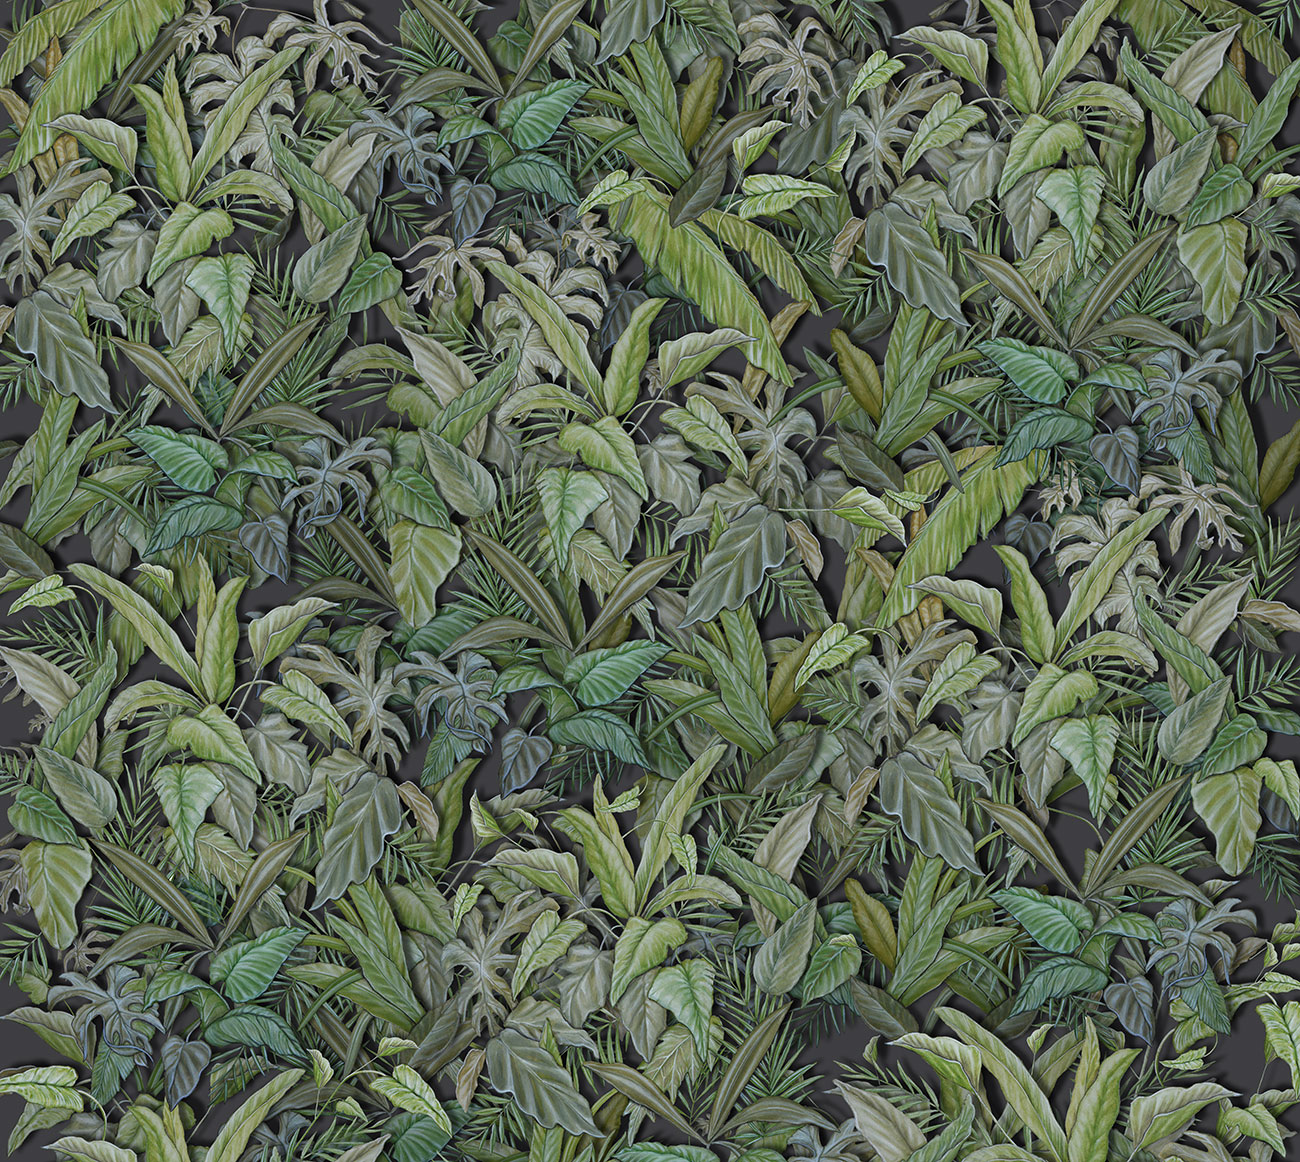 Carta da parati jungle, effetto 3d con composizione di foglie esotiche con vari toni di verde
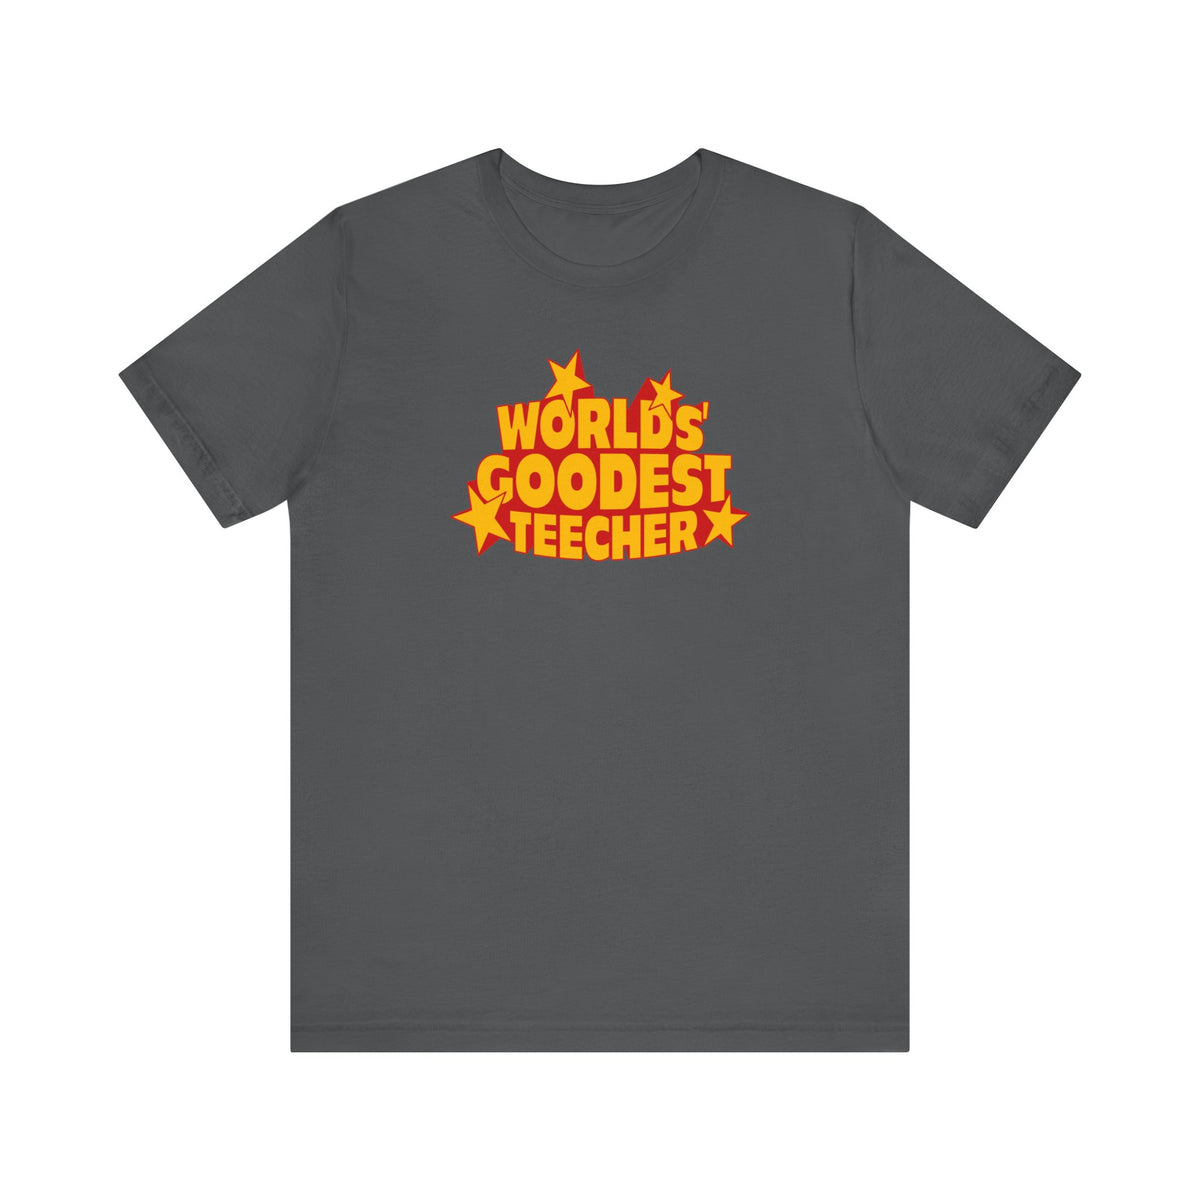 Worlds' Goodest Teecher - Men's T-Shirt
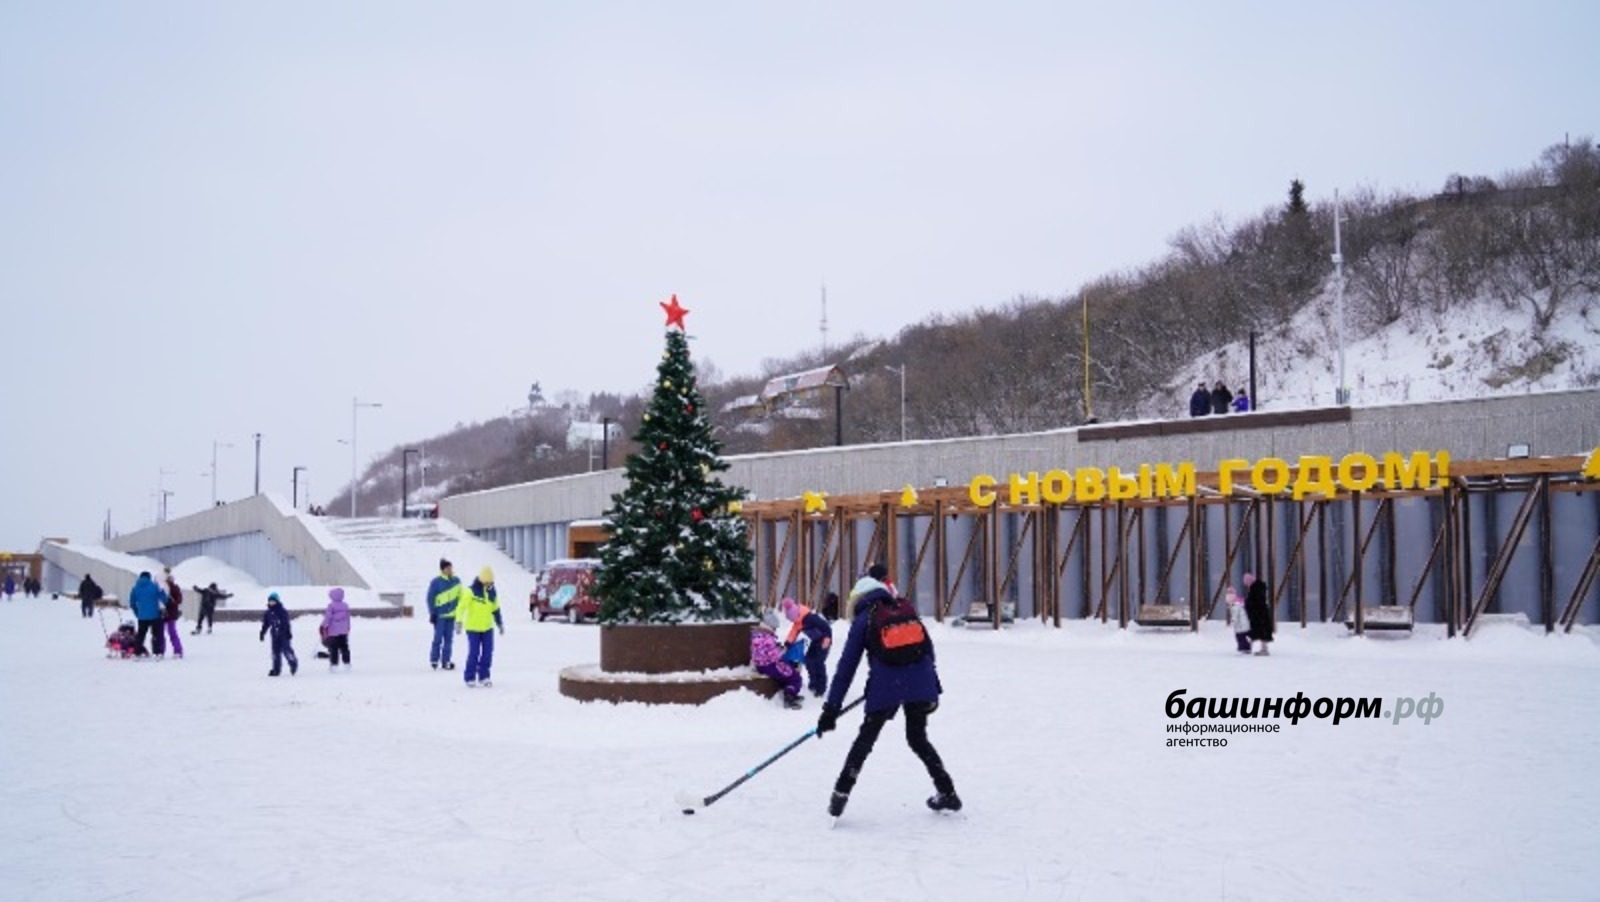 Новогодние туристические объекты Башкирии: к Деду Морозу - на шаттле, к "Лучшему рождественскому столу" или к ледяному мамонту
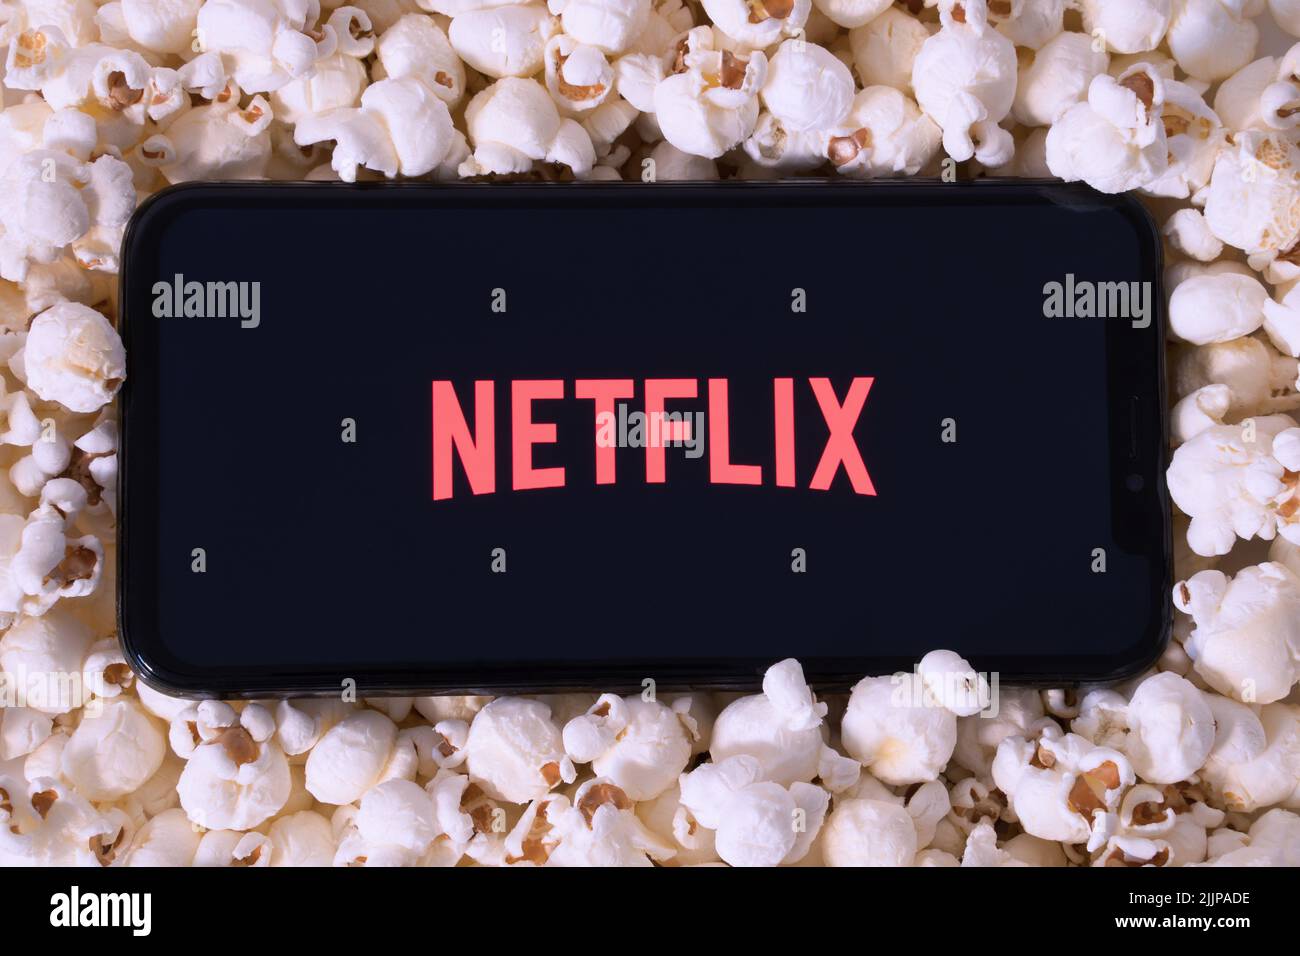 A preparare il popcorn per guardare un film su Netflix con il telefono cellulare Foto Stock

Task item: What this calls for is a word-for-word copy of the listing above, pictures excluded.

Expected output:
 Carta da parati jungle, effetto 3d con composizione di foglie esotiche con vari toni di verde
 Worlds' Goodest Teecher - Men's T-Shirt
 Новогодние туристические объекты Башкирии: к Деду Морозу - на шаттле, к "Лучшему рождественскому столу" или к ледяному мамонту
 A preparare il popcorn per guardare un film su Netflix con il telefono cellulare Foto Stock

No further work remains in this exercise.